Отец мой, от которого я получил эту пращу в наследство, незадолго до моей поездки в Гибралтар рассказал мне следующий удивительный анекдот, который от него часто слышали его друзья и в достоверности которого не сомневался никто из знавших почтенного старика.

«Мне пришлось, — рассказывал он, — во время моих путешествий довольно долгое время пробыть в Англии. Однажды я прогуливался по морскому побережью вблизи Гарвича. Внезапно на меня накинулся разъяренный морской конь. При мне не было ничего, кроме пращи, с помощью которой я так ловко швырнул в моего врага два камешка, что выбил ему глаз. Вслед за тем я вскочил ему на спину и погнал в море. Дело в том, что, потеряв зрение, животное мгновенно присмирело и стало совершенно ручным. Пращу я вложил ему в пасть вместо уздечки и без всяких затруднений поехал на нем верхом через океан.

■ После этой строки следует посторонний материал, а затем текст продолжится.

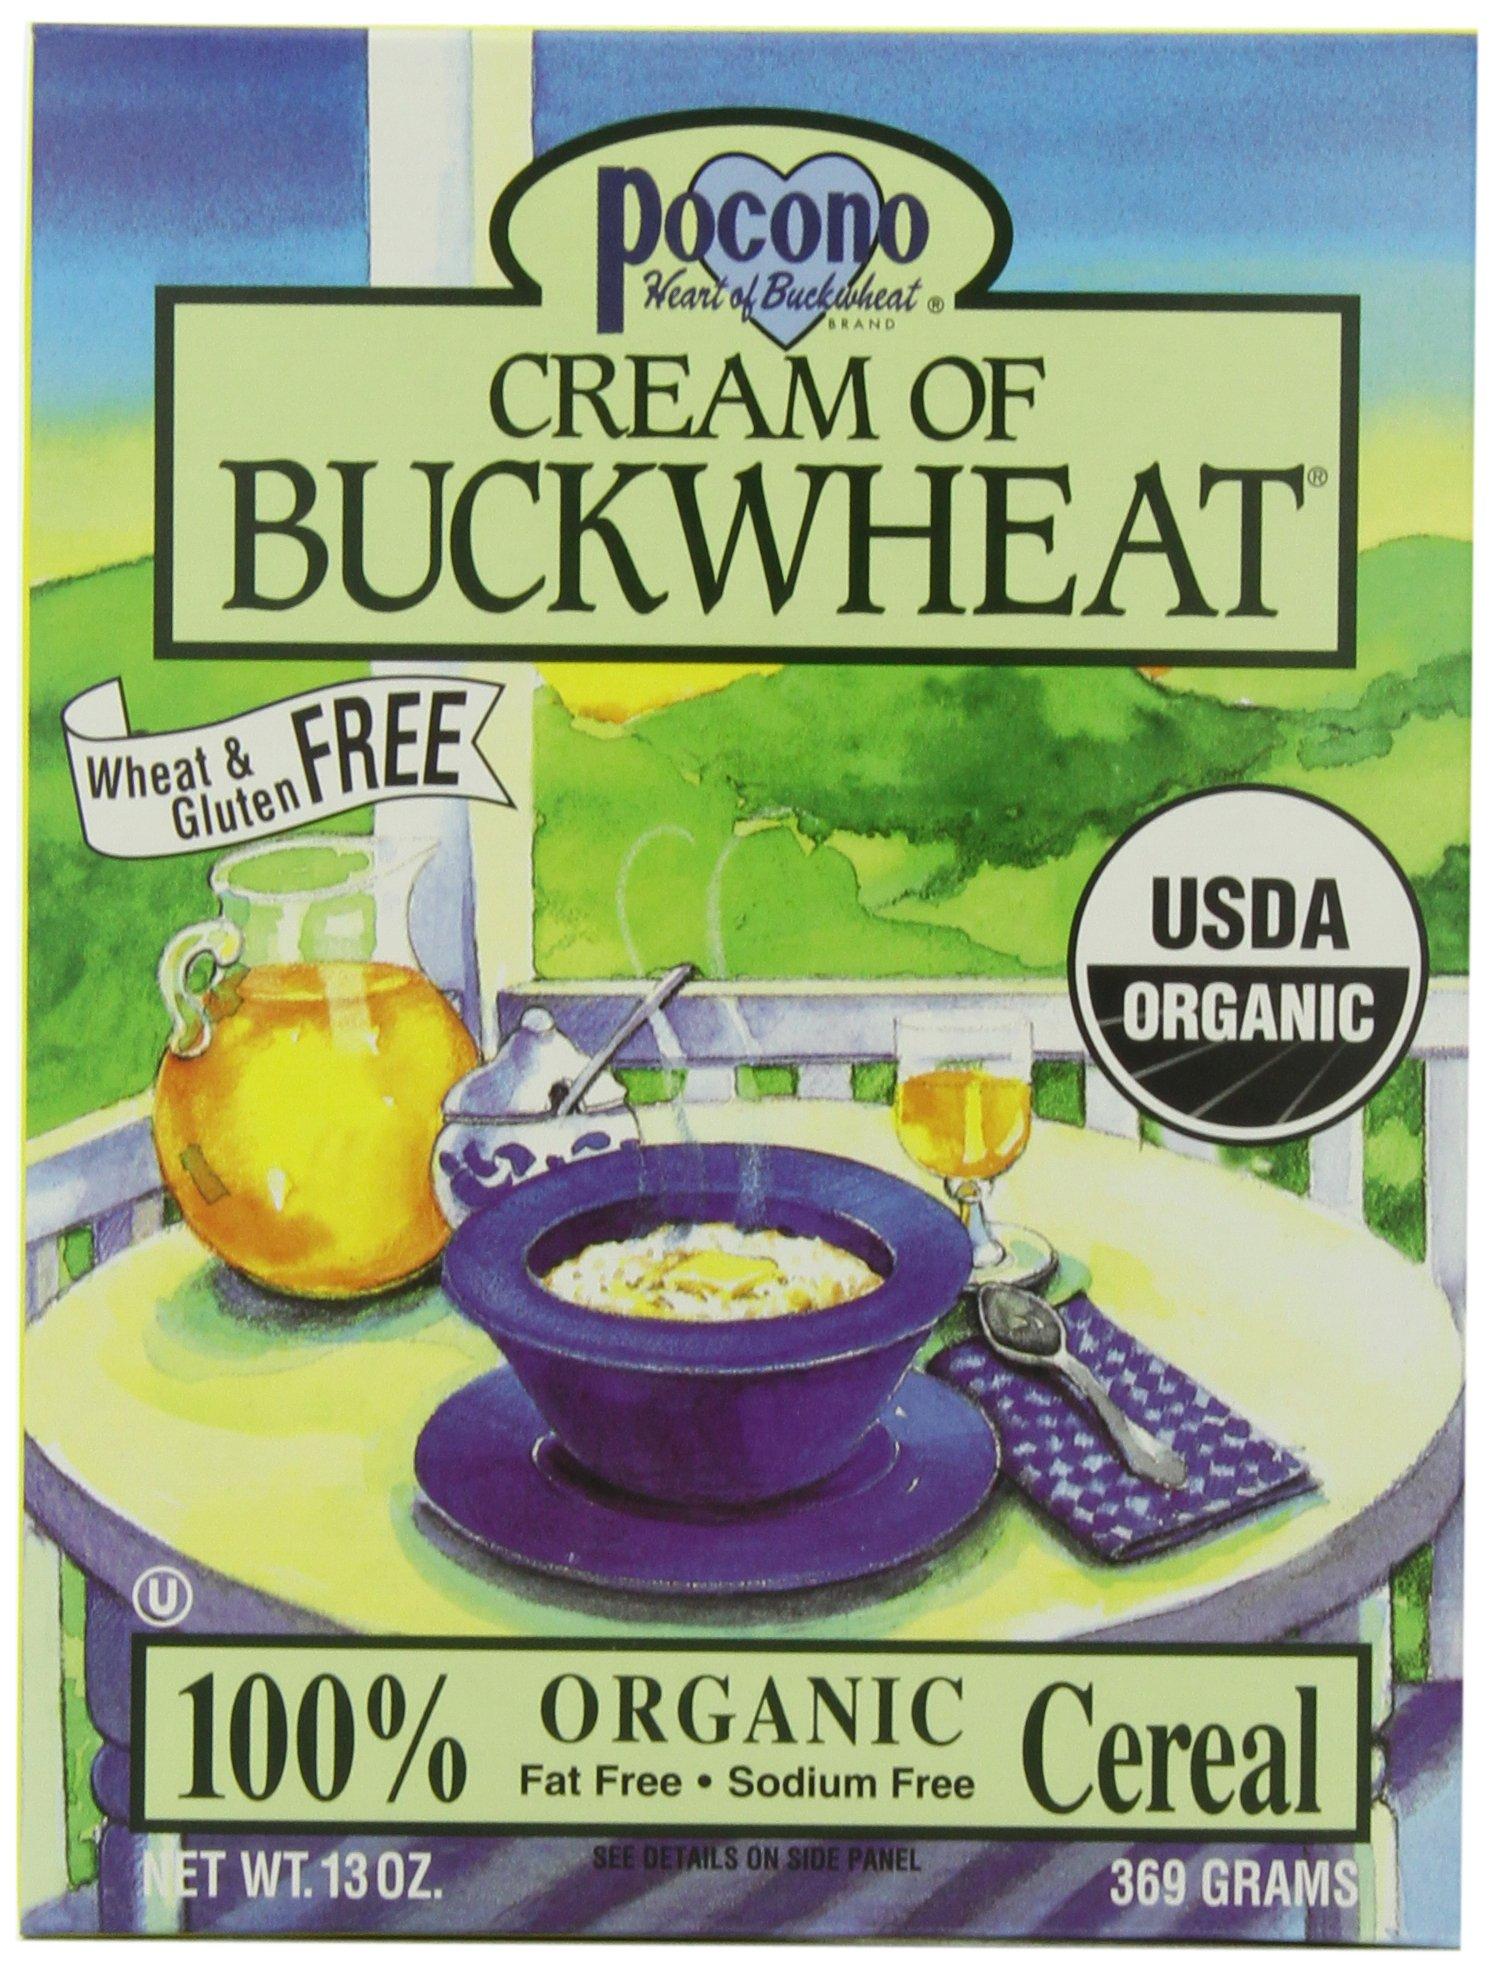 Pocono Cream of Buckwheat Gluten Free Hot Cereal, 13-Ounce (Pack of 3) by Pocono

Менее чем за три часа мы добрались до противоположного берега, хотя от него нас отделяло расстояние примерно в тридцать морских миль. В Гельветслуисе я продал моего коня за семьсот дукатов хозяину трактира «Три чаши», который выводил его напоказ в качестве редчайшего животного и заработал на нем порядочно денег. Сейчас можно увидеть его изображение у Бюффона[47].

Как ни достопримечательно было мое путешествие, но еще удивительнее были сделанные мною по пути открытия и наблюдения.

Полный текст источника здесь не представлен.